A Simple Dream

A mum in the UK recently took her own life. Fellow PPD blogger Ivy Shih Leung wrote a very long and insightful piece about it here.

While I have not read anything beyond Ivy’s piece, I want to address one of the issues Ivy touches on in her post. For me, it is one of the primary reasons women who struggle with a Perinatal Mood & Anxiety Disorder still fight so desperately with reaching out for help and then with actually receiving the proper help.

Our battle has multiple levels. Were PMAD’s a video game, we would have to survive level after harrowing level before finally reaching a properly educated doctor or therapist. Some of us may be lucky enough to skip all these harrowing levels but for most of us, we are destined to fight with all we have while we don’t have much just to get by in a world expecting us to be super mom while we are at it.

First, we have to fight with ourselves to acknowledge that there is a problem.

Then, we fight with loved ones for help with every day tasks and with reaching out for help.  We fight the argument that we are “faking” or “pretending” just to get out of housework or parenting. We are, some of us, told to suck it up and get over it. Move on. We’ll fall in love with our children eventually. Worse yet, some of us are told depression is some sort of luxury the former generations did not have time with which to deal.

Next, we fight with the front desk folks at the doctor’s office who may tell us such things as “If you’re not suicidal, don’t call us until you are.” (And yes, shamefully, that DOES happen in real life).

We then level up to arguing with a doctor who may brilliantly tell us that our hormones should be back in order by now so of course it can’t be Postpartum Depression despite the fact that we just admitted several high risk symptoms to them. So we are referred to the therapist who calls and reschedules until we are exhausted and cancel altogether.

So we suck it up and try to make do on our own until the next baby when we completely fall apart and start the entire routine all over again. Only this time around, there is a little less resistance from family members and friends because they have seen you go through this before and realize that maybe, just maybe, she isn’t making it up this time around.

But we have to stay off the Internet because it’s a dangerous place for a woman with a PMAD to be – we will be judged for breastfeeding while taking medication or for giving formula because we have to medicate. We didn’t try hard enough to protect ourselves, there is something wrong with us. Damn straight there is something wrong with us – it’s an illness, it’s real, and it is hell.

Psychiatric stigma is bullshit. The divisiveness motherhood brings to a woman’s life is bullshit. Hell, sometimes just being a woman altogether is bullshit. Why we judge each other so harshly for our choices is so beyond me I don’t even know how to begin to understand why we do this. I’m serious – I truly do not understand the in-fighting or bickering.

It comes down to understanding one simple truth:

Each mother needs to do what is best for HER and for HER family. As long as she is doing just that, we do not need to judge, we do not need to place blame, stigma, guilt, or any other negative blanket upon her or her family.

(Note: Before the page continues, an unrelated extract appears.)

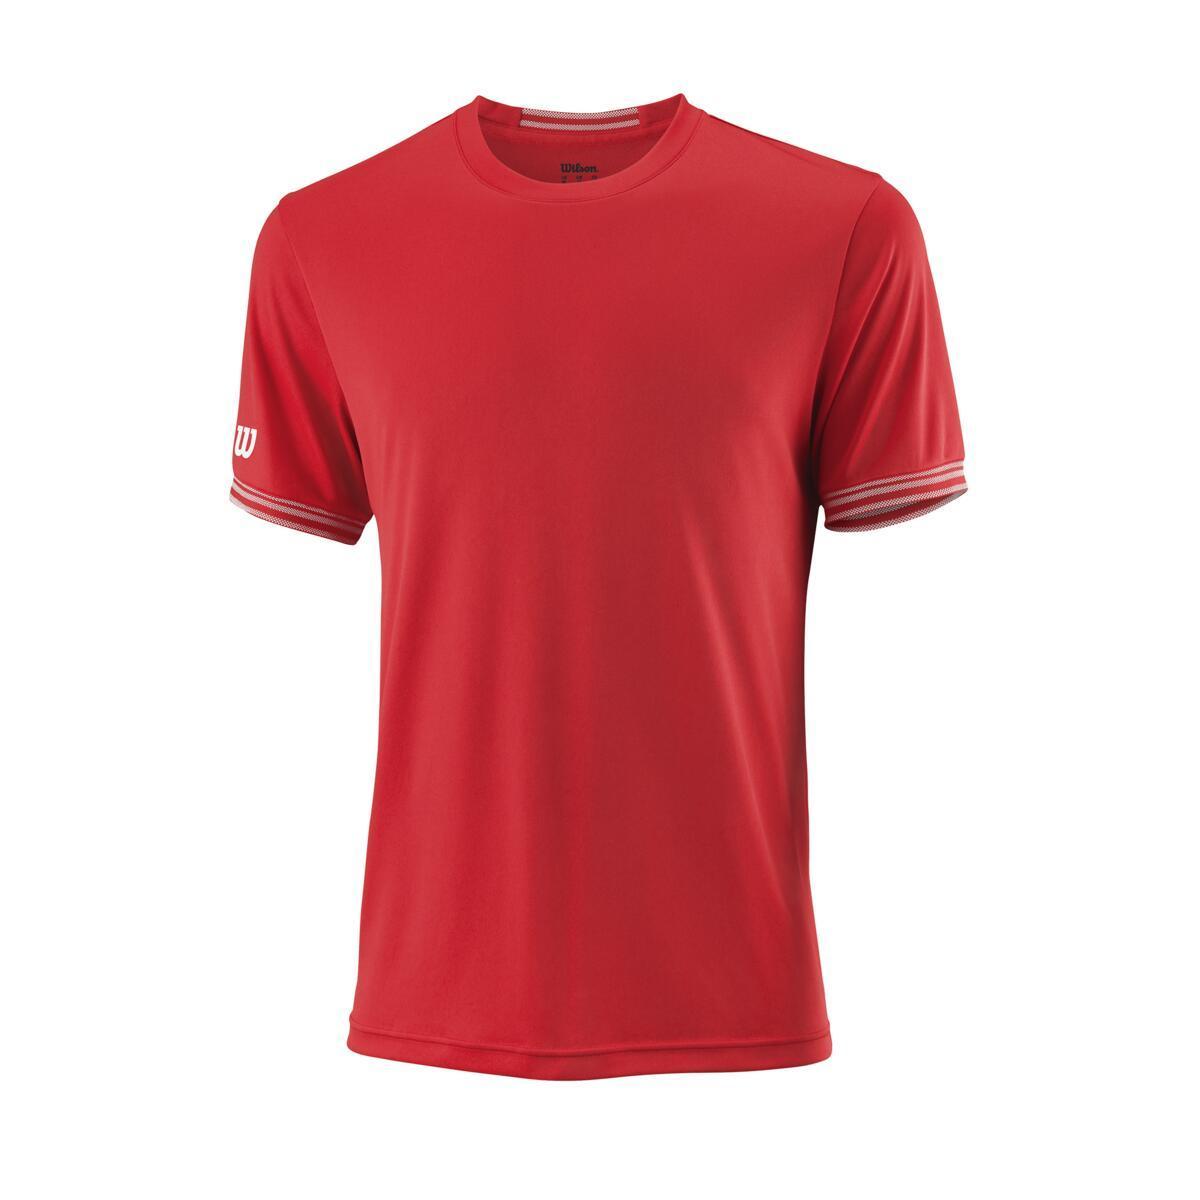 Camiseta Wilson Solid roja

The Internet can be a fabulous place for support if you end up surrounded by the right people and ignore the wrong people. It’s finding the wonderful people that is the challenge.

I have a simple dream, in closing. It’s a dream that one day, mothers of all sort of different beliefs, will be able to have a discussion about parenting without inadvertently reducing each other to panic attacks and/or tears because they’ve judged someone for doing something outside the realm of *their* comfort zone.

One day, right?

6 thoughts on “A Simple Dream

  1. ivyshihleung

    Ha! Yes, it was loooong. Not known to be very succinct. Thank you SO much for mentioning it in your own post! Glad to see I’m not alone in voicing frustration about yet another poor mom (and family) falling through the cracks. Many of us mamas who have been through our own harrowing PPD journeys share the same dream of never hearing another tragedy like this again. Heck, not hearing about health professionals failing to see the signs and hear the cries for help from mamas in distress would be nice!

  2. mrslx

    Oh Lauren…I have the same dream. One where a mother can raise her baby best way she knows how, not the society’s way. Where mothers across the world were equiped with the right tools (internet) to help them through. Where PMAD’s were treated seriously with a lot more urgency.
    We have a dream…

  3. phaerygurl

    I know I already have a comment, since I shared this on my blog as well. Reading yet another story about a mom that fell through the cracks reminds me of the luck that I had when I developed PPA/OCD, and it makes me angry and sad at the same time. I’m lucky in that I knew something was wrong and was prepared to go on medication if necessary. My husband was supportive of me, and though I had to jump through a couple of small hoops, I struck gold with my first therapist, who was/is amazing! (I no longer live in that state, otherwise, I’d still be seeing her). All this being said, I had a similar problem when I started becoming suicidal. I was given an appointment 3 weeks out, then I had my breakdown.

    It angers and saddens me so much know how many barriers there are and yet should not be. How many dead mothers (and sometimes children) do we need before changes are made? I love your dream…I pray it comes true sonner rather than later.